> ACTIVITY:
Below is a listing; write it out exactly and drop any images from it.
##### INFORMATION PROVIDED #####
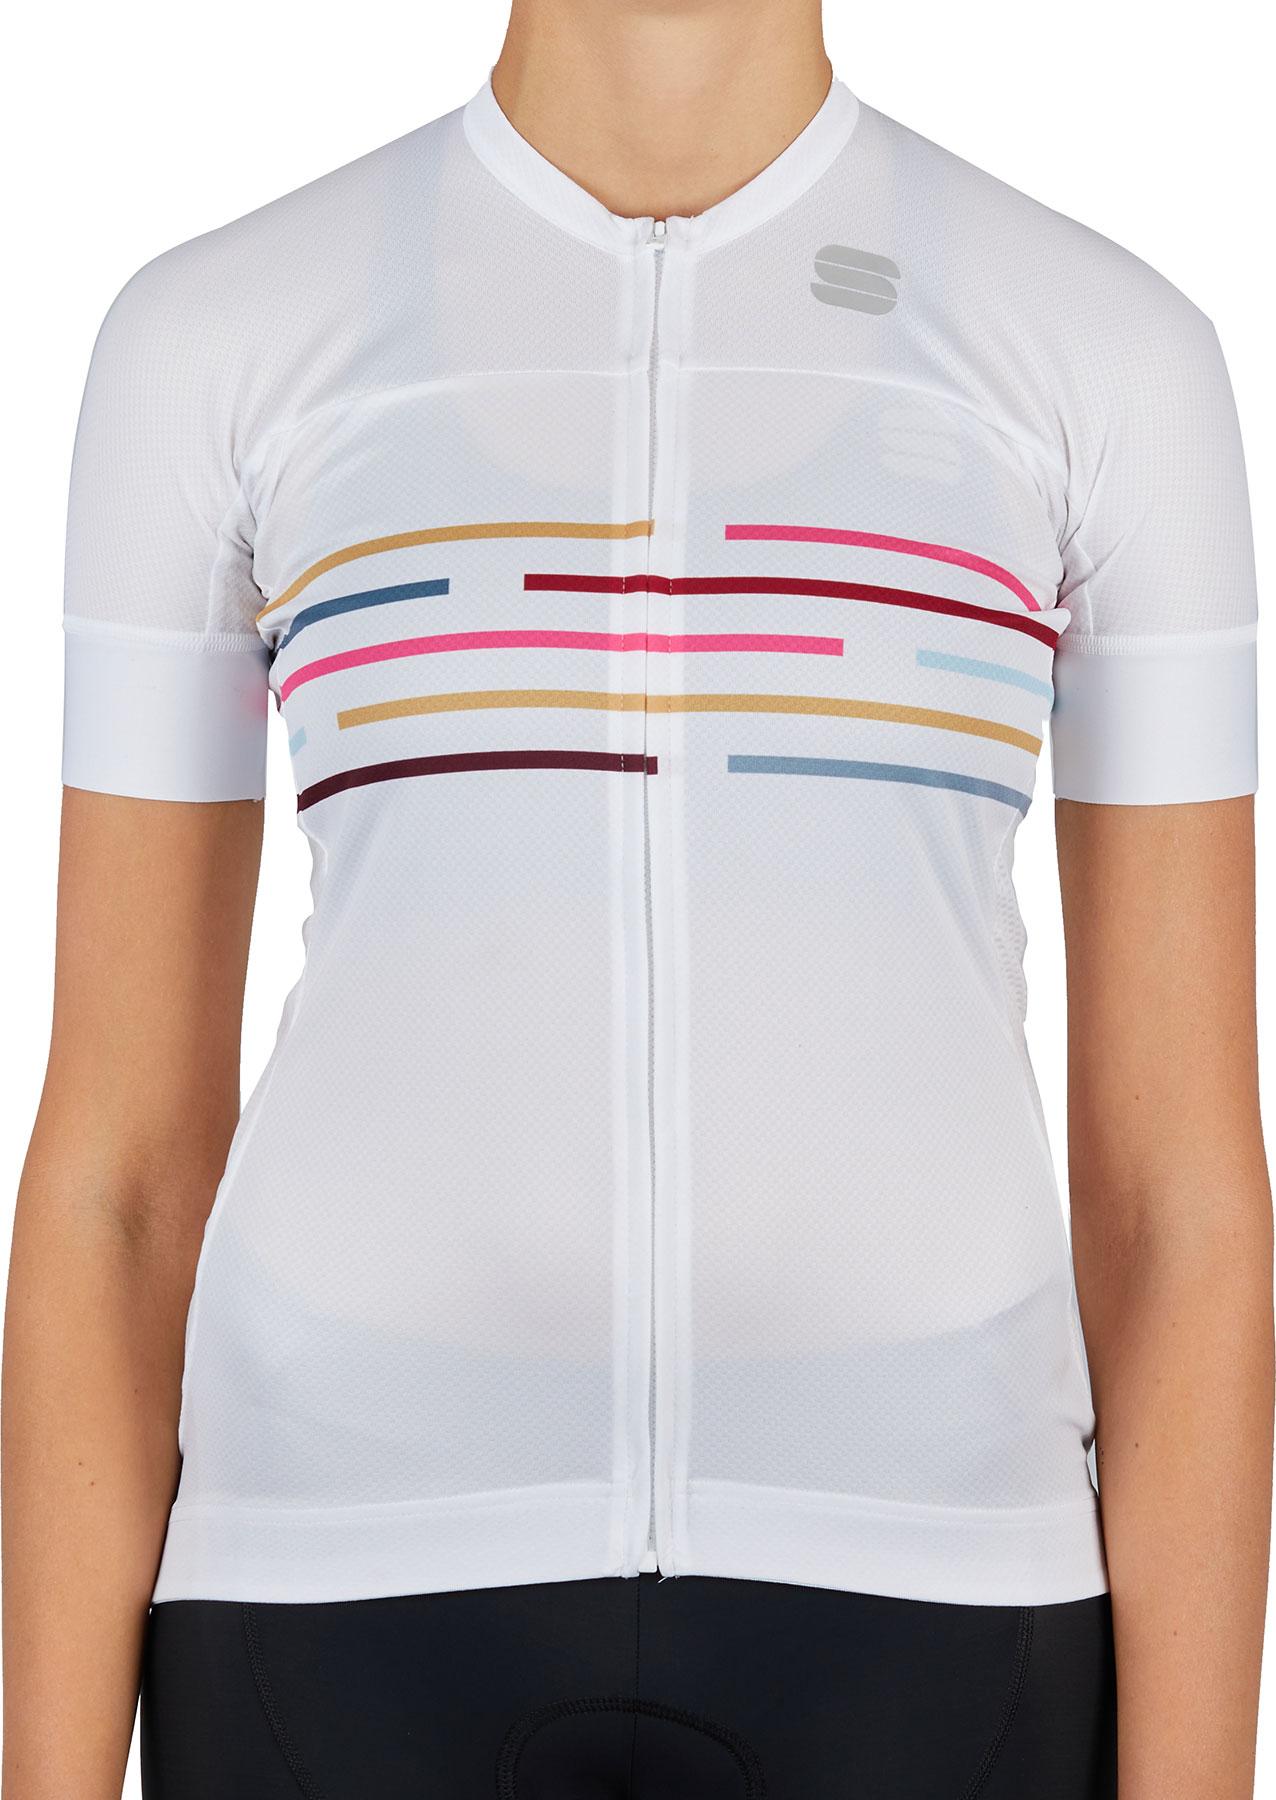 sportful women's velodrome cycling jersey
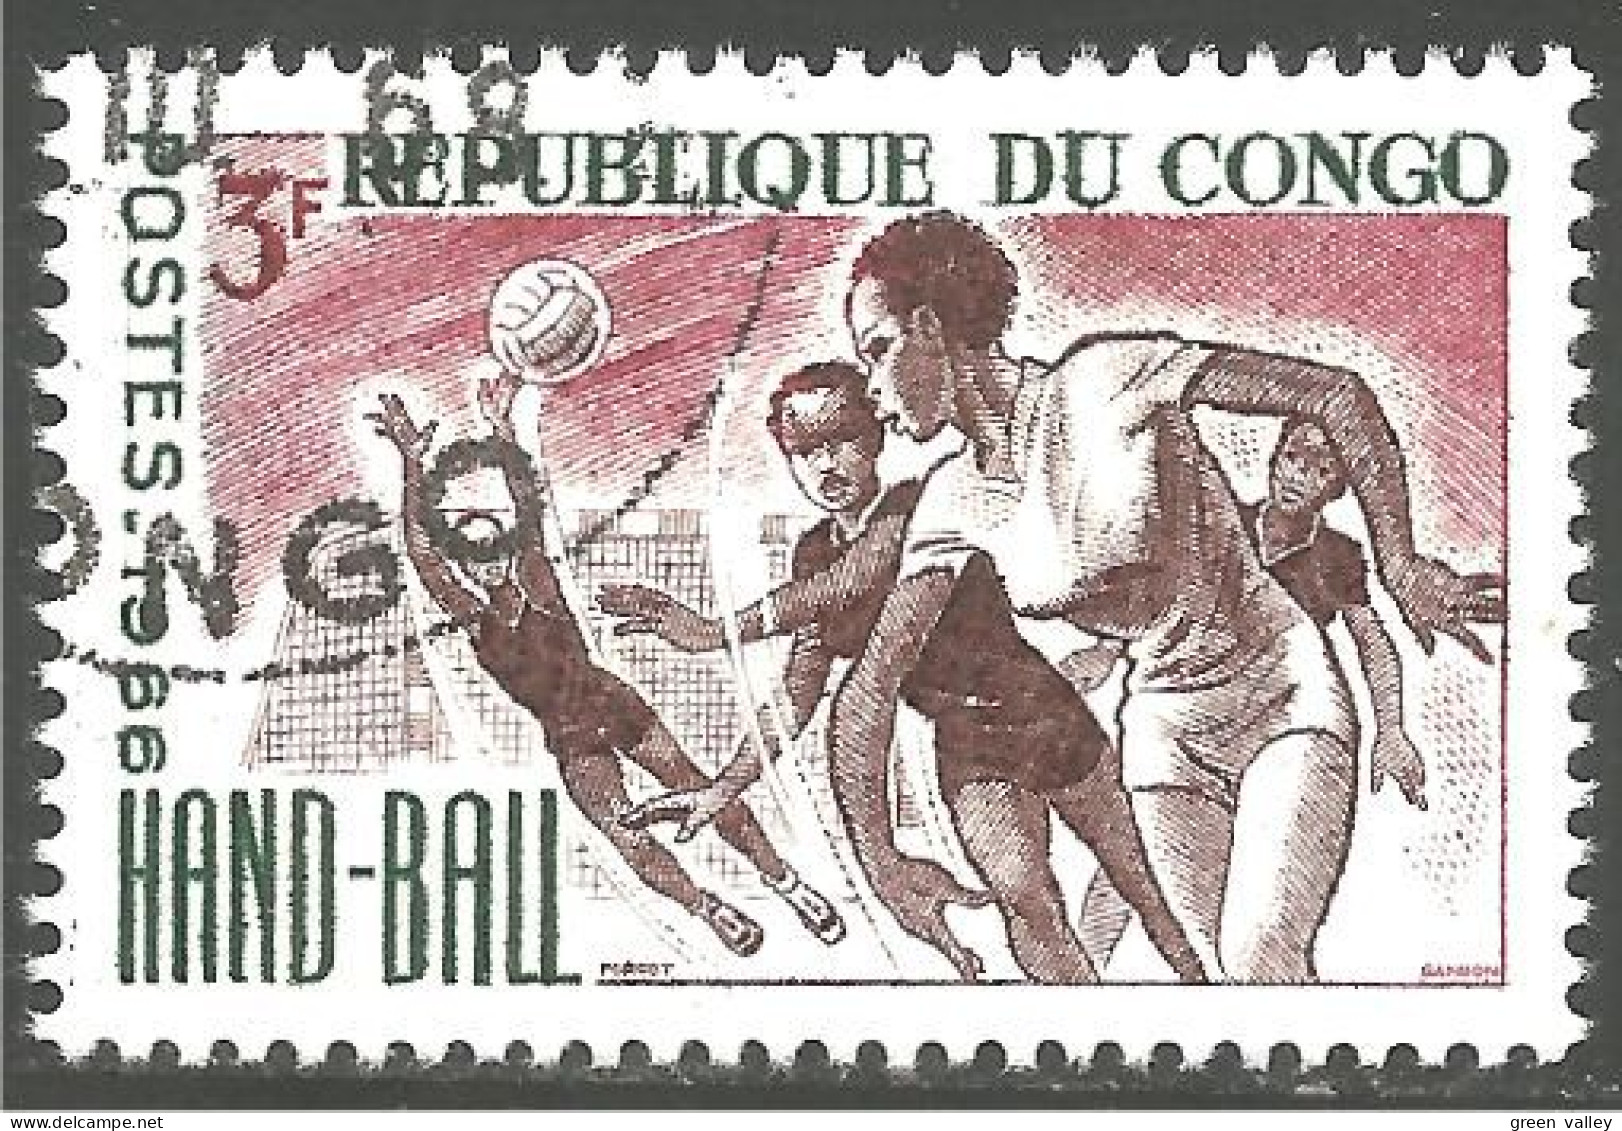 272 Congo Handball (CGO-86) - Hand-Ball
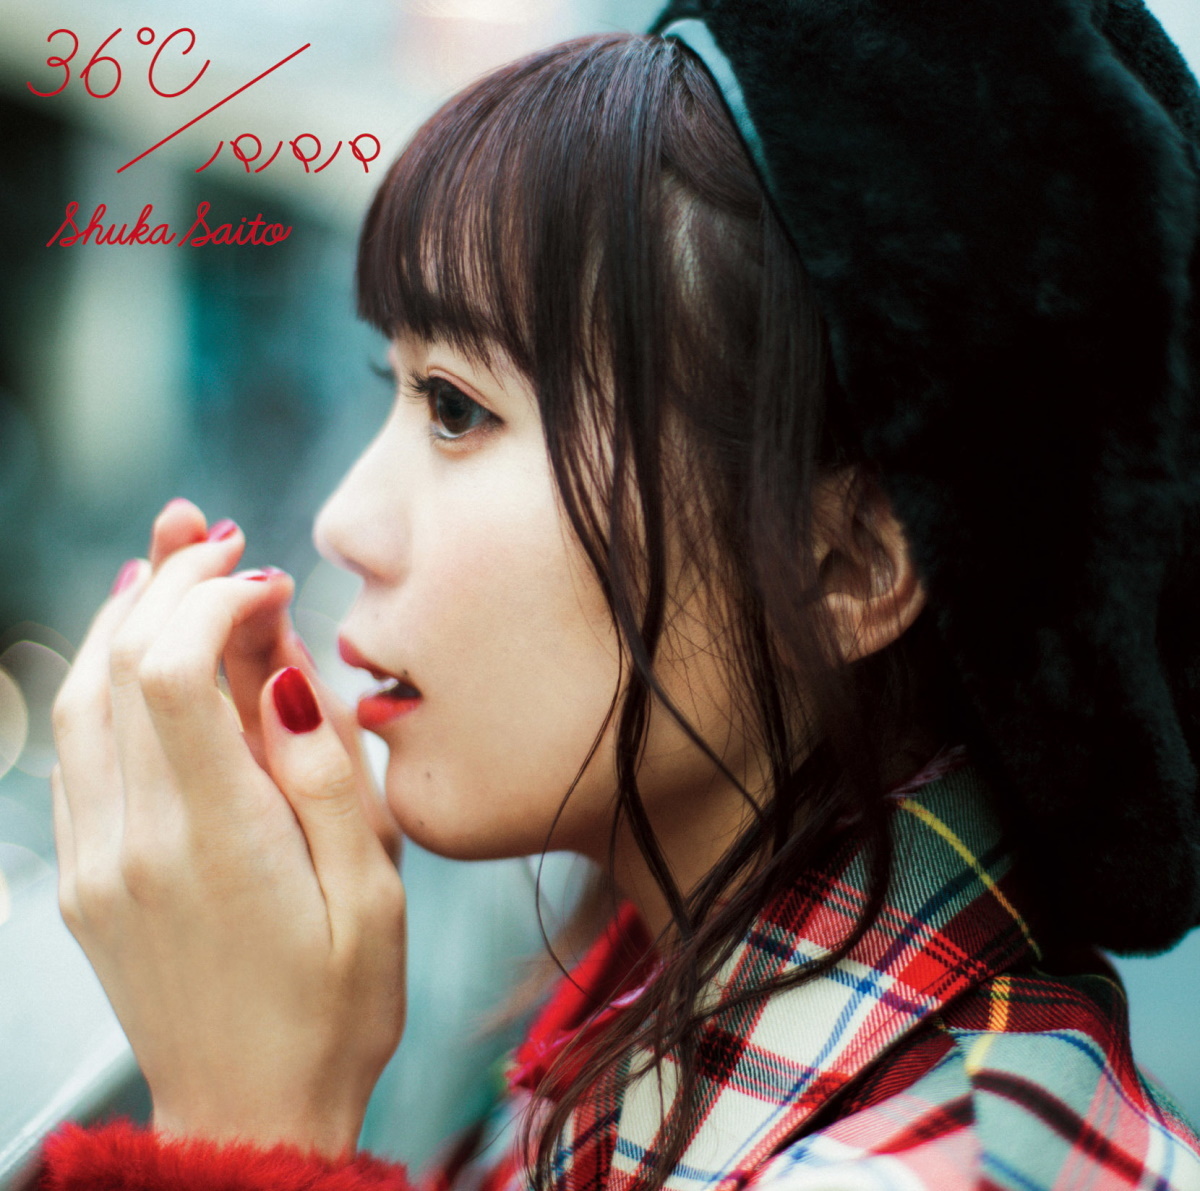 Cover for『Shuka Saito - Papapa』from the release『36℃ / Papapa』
#####
> WRITTEN RESPONSE:
 sportful women's velodrome cycling jersey
 272 Congo Handball (CGO-86) - Hand-Ball
 Cover for『Shuka Saito - Papapa』from the release『36℃ / Papapa』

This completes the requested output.